The serverless experience of a managed cloud query service like AWS Athena or Google Big Query is awesome. The end user does not have to worry about the provisioning part at all. He just fires queries and quickly gets back the results.
Behind the scenes, Athena does all the magic of deciding things like where to run the query, what to provision for it etc. It just gives back the result and the end user spends his time analyzing the results of the query.
It’s great but still there is at least one big problem and a gaping hole here
- The cost of managed query services – $5 / TB proves to be really dear when you have multiple Data Scientists and Analysts to use the system and they fire a lot of queries. The aws bill can just zoom up in a matter of time.
The figure above shows the Athena / GBQ cost vs the actual machine cost which will be required to give the same performance for the queries. We have assumed 100 GB of data scanned for every query.
- These solutions are still cloud specific – How about the end user needing to run a query on data which is on another cloud. Pull all the data? We can easily agree that it is not a solution. Or do you copy the data first. Well same as first. Where is interactiveness here? Or you go to another platform, another query service of the second cloud and query the data?
All of the above is a hassle and doesn’t cut the desired behavior. Also, today you need a multi-cloud solution not only for your operational data but also for analytics if you want to be sharp and agile based on what your data indicates. The recent aws outage again was a corroboration of a real multi cloud strategy.
Our point is, why restrict this experience to a single cloud?
Why to not have the same experience even while your data is scattered across locations, different clouds, on-prem or a mix of all.

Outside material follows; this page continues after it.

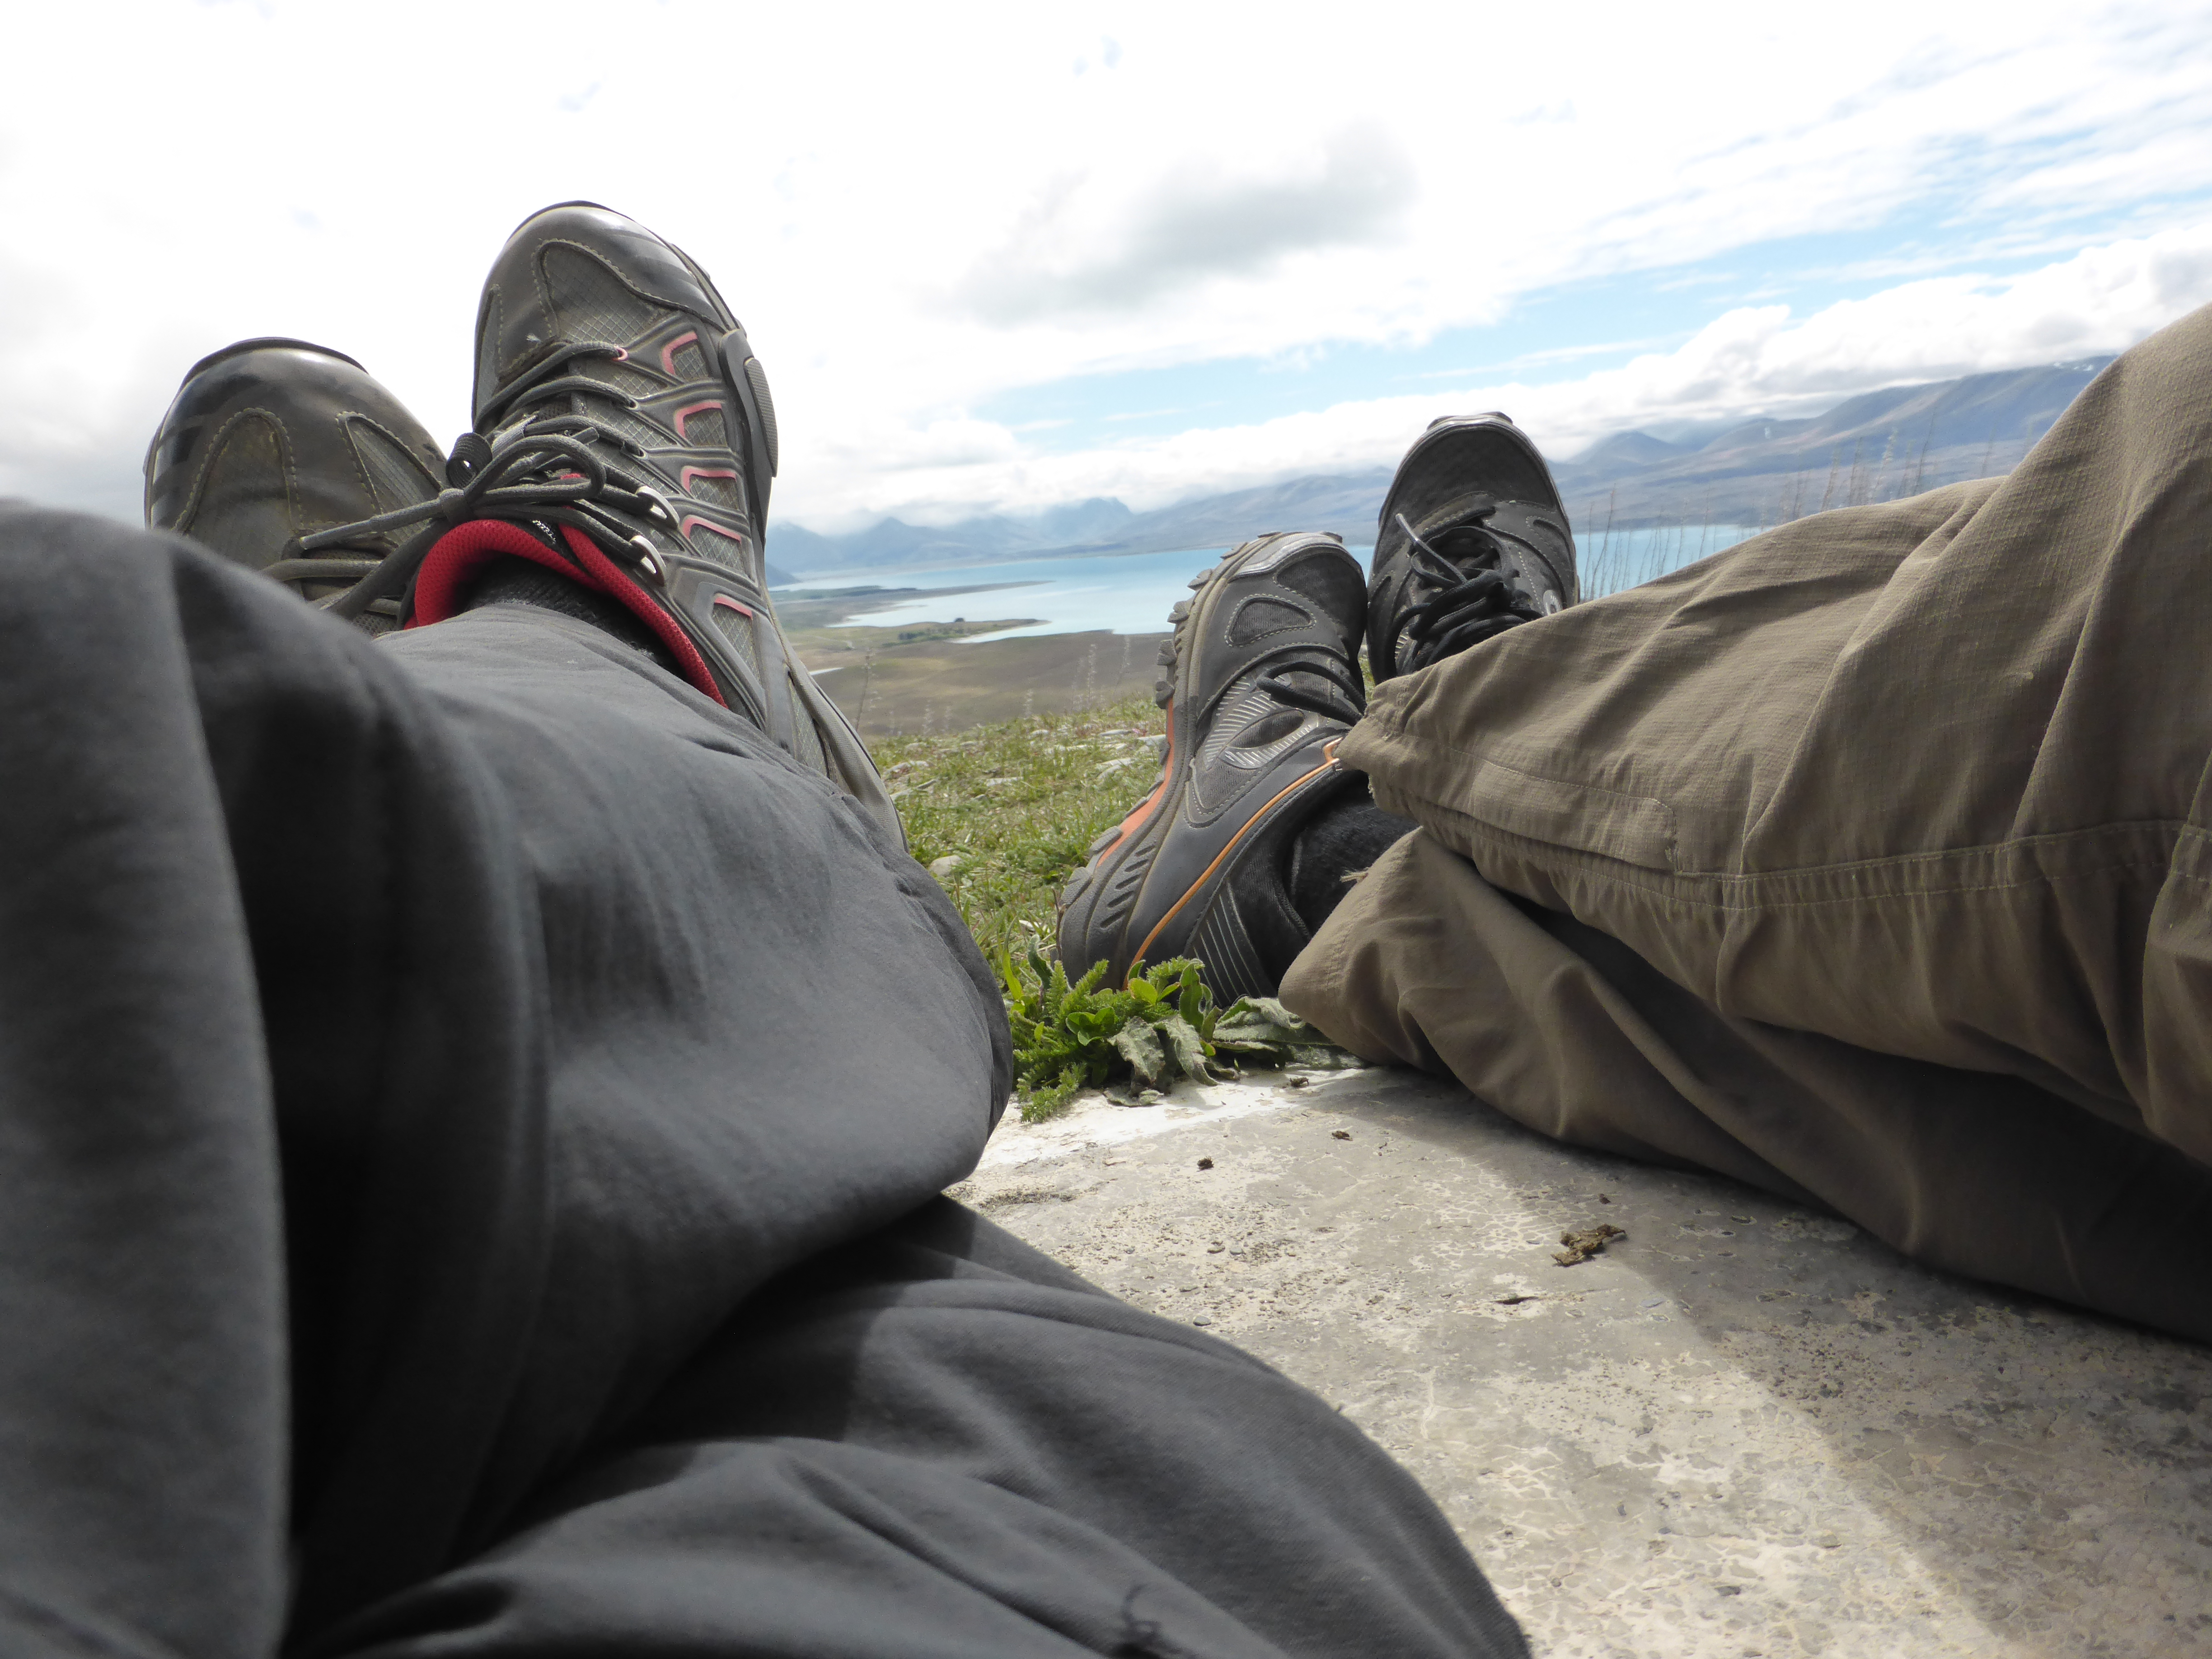 Lake Tekapo in the distance, two sets of legs and shoes in the foreground

Why not have a single endpoint for the end user where he fires queries without bothering about data location, different cloud or private data centre. Why even in this setup he can’t be made to not worry about the right provisioning of cluster capacities, failure handling etc.
Behind the scenes why cannot the system figure out the right location of data and takes your query there?
Behind the scene why cannot the system figure out a strategy to use on-premise capacity judiciously and automatically burst the load to cloud at peak requirements. Why there has to be any manual intervention or communication between DevOps/IT or end users?
The Falarica Query Platform, powered by Presto and Kubernetes, exactly makes all the above scenario possible and gives you a close to managed experience which spans across clouds and data centres.